続いて、濾紙を設置したブフナー漏斗にて重合体粒子を吸引濾過し、吸引濾過後の脱水ケーキを撹拌羽根を供えた10L真空乾燥機に投入し、60℃で15時間乾燥して約400gの重合体粒子を得た。得られた重合体粒子の平均粒子径は20μmであった。
【0037】
実施例4
実施例1において、カプロラクトンEO変性燐酸ジメタクリレートの代わりにラウリルホスフェート(日本サーファクタント工業社製、ホステンHLP)を用いたこと以外は、実施例1と同様にして約400gの重合体粒子を得た。重合後のスラリーを目開き150μmの篩網に通したが、粗大粒は観察されなかった。乾燥後の平均粒子径は10.1μmであった。
【0038】
比較例1
実施例1において、セチルアルコールを加えなかったこと以外は、実施例1と同様にして、重合体粒子を得た。重合後のスラリーを目開き150μmの篩網に通し、網上の重合体を乾燥させ、計量した結果約2gの重合体が残った。篩網を通過した粒子の平均粒子径は9.2μmであり、乾燥後の粒子の重量は約398gであった。
【0039】
比較例2
実施例1において、カプロラクトンEO変性燐酸ジメタクリレートを加えなかったこと以外は、実施例1と同様にして、重合体粒子を得た。重合後のスラリーを目開き150μmの篩網に通し、網上の重合体を乾燥させ、計量した結果約5gの重合体が残った。篩網を通過した粒子の平均粒子径は9.4μmであり、乾燥後の粒子の重量は約395gであった。
【0040】
比較例3
2Lオートクレーブに、水800gと、分散安定剤としてポリビニルアルコール(クラレ社製、PVA224E)32gとを加え、攪拌しながら90℃で30分間加熱した。溶解後冷却、取り出して水相を作製した。別に、メタクリル酸メチル380gにエチレングリコールジメタクリレート20gと、重合開始剤としてアゾビスイソブチロニトリル0.4gを加えて油相を作製した。この油相を上記水相に加えて、ホモミキサーにて6000rpmで5分間攪拌して微分散した。この微分散した懸濁液を2Lオートクレーブに加え、充分に窒素パージした後、攪拌速度を400rpmに保持し、60℃で10時間懸濁重合した。次いで、温度を100℃まで上昇させ、100℃で1時間加熱し、重合を完了した。
加熱終了後、冷却し、重合後のスラリーを目開き150μmの篩網に通したが、粗大粒は観察されなかった。
【0041】
続いて、濾紙を設置したブフナー漏斗にて重合体粒子を吸引濾過し、吸引濾過後の脱水ケーキを撹拌羽根を供えた10リットル真空乾燥機に投入し、60℃で15時間乾燥した。得られた約400gの重合体粒子は凝集していた。

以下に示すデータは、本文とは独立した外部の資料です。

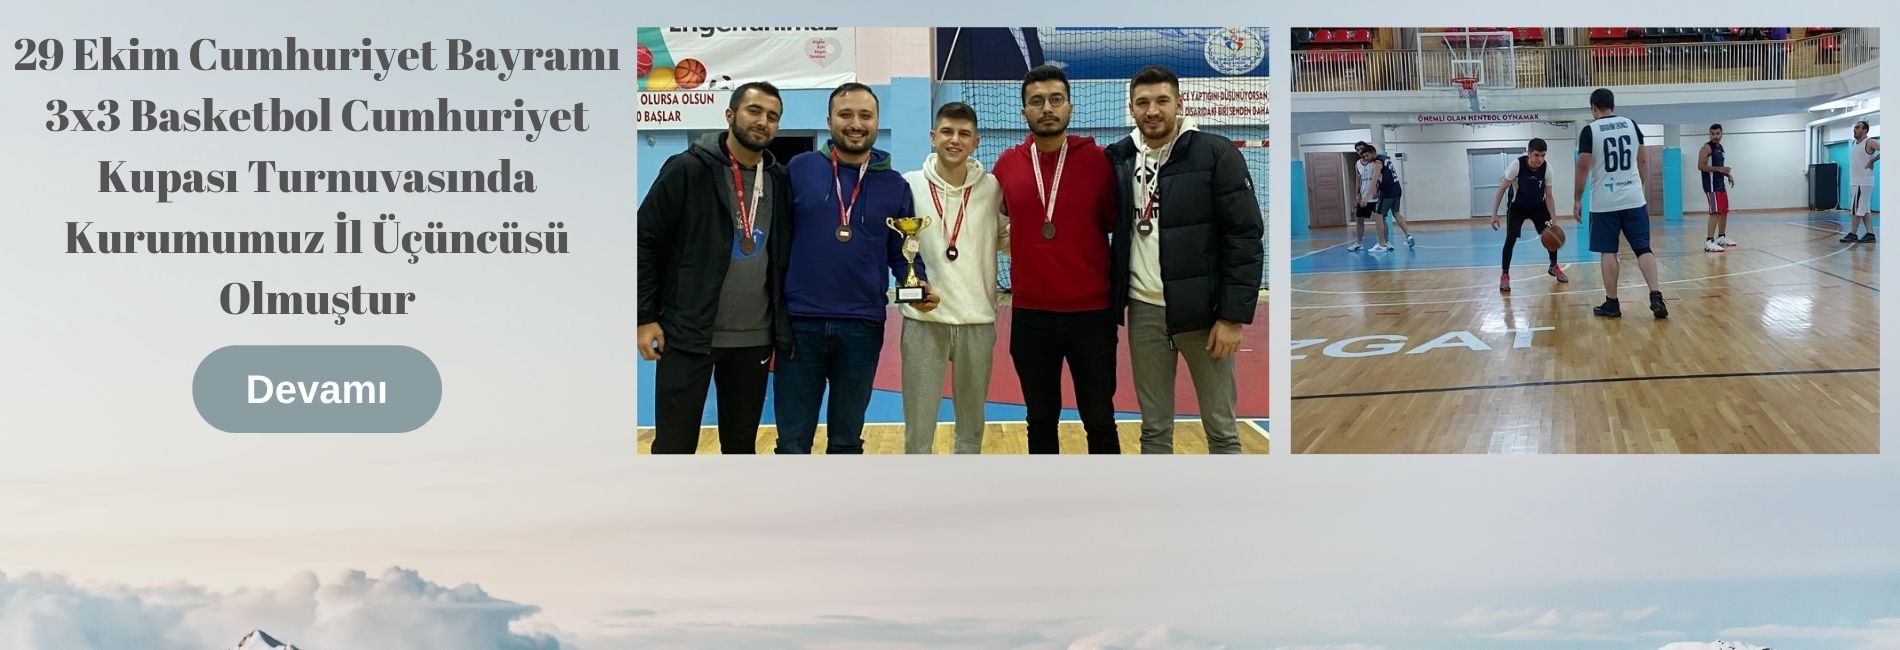 29 Ekim Cumhuriyet Bayramı 3x3 Basketbol Cumhuriyet Kupası Turnuvasında Kurumumuz İl Üçüncüsü Olmuştur

この凝集体を一次粒子に解砕した後の粒子の平均粒子径は10.1μmであった。
上記実施例及び比較例から、次のことがわかる。まず、比較例1及び2のように、高級アルコール又は燐酸エステルを使用しない場合、粗大粒が発生することがわかる。これに対して、実施例1〜4では、粘土鉱物、高級アルコール及び燐酸エステルの3成分を使用することで、粗大粒の発生を防ぐことができている。また、粘土鉱物以外の分散安定剤を使用した比較例3では、重合体粒子の乾燥後に解砕が必要であるが、実施例1〜4では解砕は必要でなく、従って製造工程を簡略化できる。
【0042】
実施例5(塗料の製造)
実施例1で得られた重合体粒子4g、市販の黒色艶あり塗料(アサヒペン社製、水性ハウスカラー)40gとを100mlのプラスチック容器に加え、3枚翼の攪拌羽を用い、300rpmで1分間分散、混合を行い、塗料を得た。この塗料を100μmのスキージを有するブレードを用いて塗工機にてプラスチック板に塗装し、常温で10時間乾燥させたところ、粒子が均一に分散した塗膜が得られた。
【0043】
【発明の効果】
本発明の方法によれば、水系媒体中への分散性に優れ、かつ沈降後の再分散性に優れた、粒子径が1〜100μmであって粗大粒のない重合体粒子が簡便に得られる。そのため、媒体として水系を用いる分野(塗料、化粧品等)において好適できる。
【発明の属する技術分野】
本発明は、ビニル系重合体粒子及びその製造方法に関する。さらに詳しくは、本発明は、水系媒体に対して優れた分散性及び再分散性を示すビニル系重合体粒子及びその製造方法に関する。
【0002】
【従来の技術】
ビニル系重合体粒子は数多く提案されており、なかでも微細な重合体粒子は色々な用途で必要とされている。例えば、化粧品の分野では8〜20μmの範囲内の微細な重合体粒子が滑り性付与剤として必要とされ、電子複写機のトナーとしては5〜20μmの範囲内の粒子が必要とされ、塗料の艶消し剤としては5〜100μmの範囲内の粒子が必要とされ、光拡散剤としては2〜100μmの範囲内の粒子が必要とされる。
【0003】
このような微細な重合体粒子を製造する方法としては、一旦大きな粒子を作り、次いでこれを粉砕する方法がある。しかし、この方法では、重合体粒子の形状が角張った形状となり、そのため滑り性が要求される用途等には適していない。上記以外にもビニル系単量体を重合させるには色々な方法が提案されているが、平均粒子径が1〜100μmの粒子を得るには、工業的生産面から懸濁重合法が一般的に採用されている。
【0004】
懸濁重合法は分散安定剤を含んだ水性媒体中にビニル系単量体を分散させ、分散した単量体液滴の内部で重合反応を行わせて重合体粒子を得る方法である。分散安定剤は、水性媒体中でビニル系単量体を液滴として保持させるのに必要とされる。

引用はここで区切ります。